One bad part in all of this down east major opportunity is that Bob has asked me to come out from behind my Gerry Yaum pseudonym and use my real name for this project, exhibitions and fundraising efforts (assuming they happen). The reason being is that people will not give money to a guy not using his real name, they worry about fraud etc. I can understand that, helping the people would pull me away from the name, it is that important.

I hate leaving Yaum behind thou, I would rather say Yaum forever. Who the f-ck cares about the real me? I am of no importance. Too many folks everywhere, all the time are selfishly worried about getting famous, putting their name on a wall, having everyone pat them on the back etc.  I have never been into that. Flattery has always made me cringe.

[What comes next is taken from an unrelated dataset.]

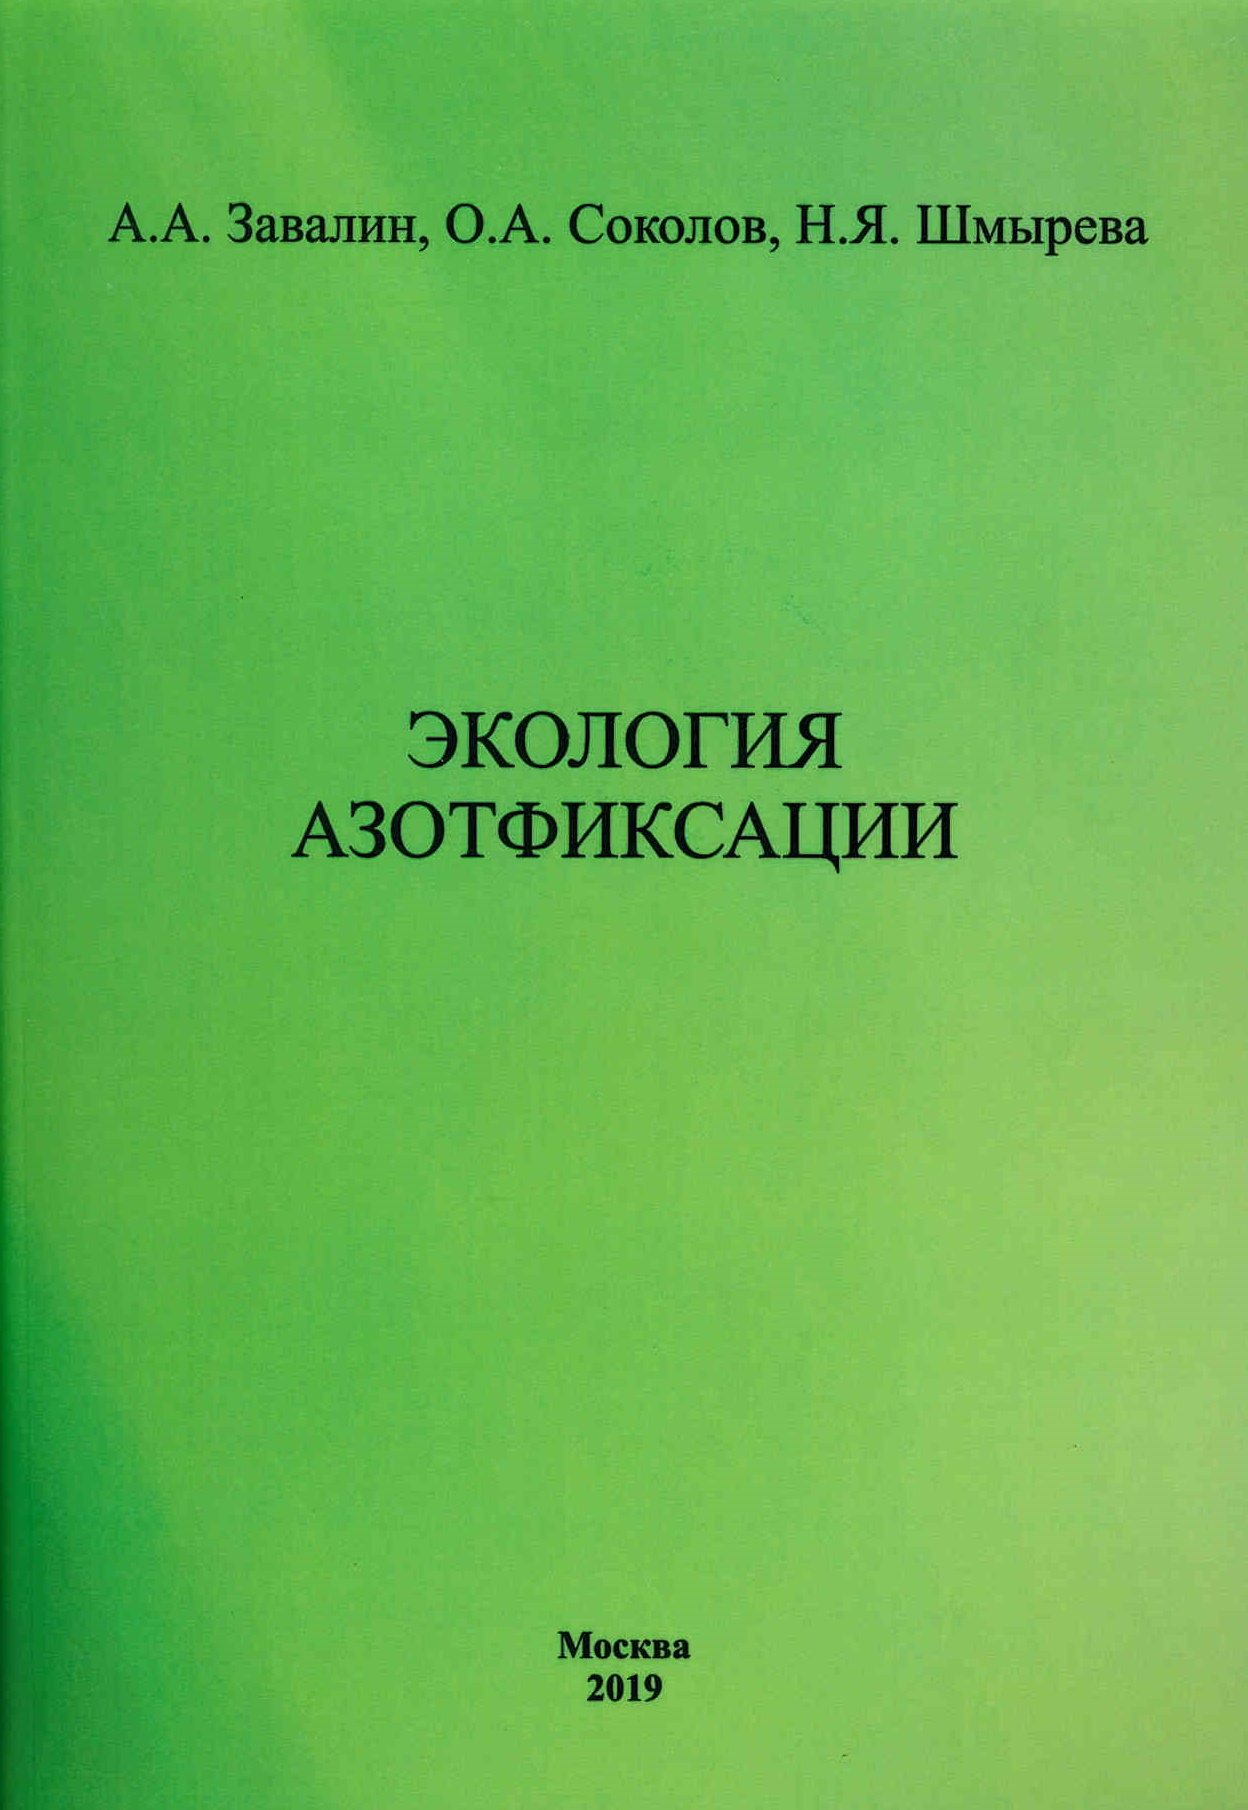 Экология азотфиксации - фото

I want the work and the stories to be famous of course, to have a far reaching and lasting impact but I could care less about the rest.

I hope I can stay Yaum, but it might be impossible to do.

Saturday, June 2, 2018

Working On A "Families Of The Dump" Presentation

Over the last month I have been working on a presentation of the "Families of the Dump" project. It will include a biography of myself (requested) as well as section detailing fundraising. The entire presentation needs to be completed by this coming Tuesday. I will then send it down East to my contact, Bob C in Toronto. Hopefully this will lead to an exhibition in Toronto during the Scotiabank Contact Photography Festival 2019. There might also be a fund raiser to help the the families and the potential for more than one exhibition, possibly multiple exhibitions in Ontario and Quebec.

Will see how this all goes down, lots of loose strings, not sure if any good things will happen or if it will all lead to nothing. We can only try to do our best, and hope for a positive outcome!!

Quote: Georg Buchner (German Writer)

"Once should try it, immerse oneself in the life of the lowest of the low, reproduce his every gesture and twitch, his innuendos, the whole subtle and scarcely noticeable play of his features....No man should appear too lowly or ugly for one. Only then can one understand mankind."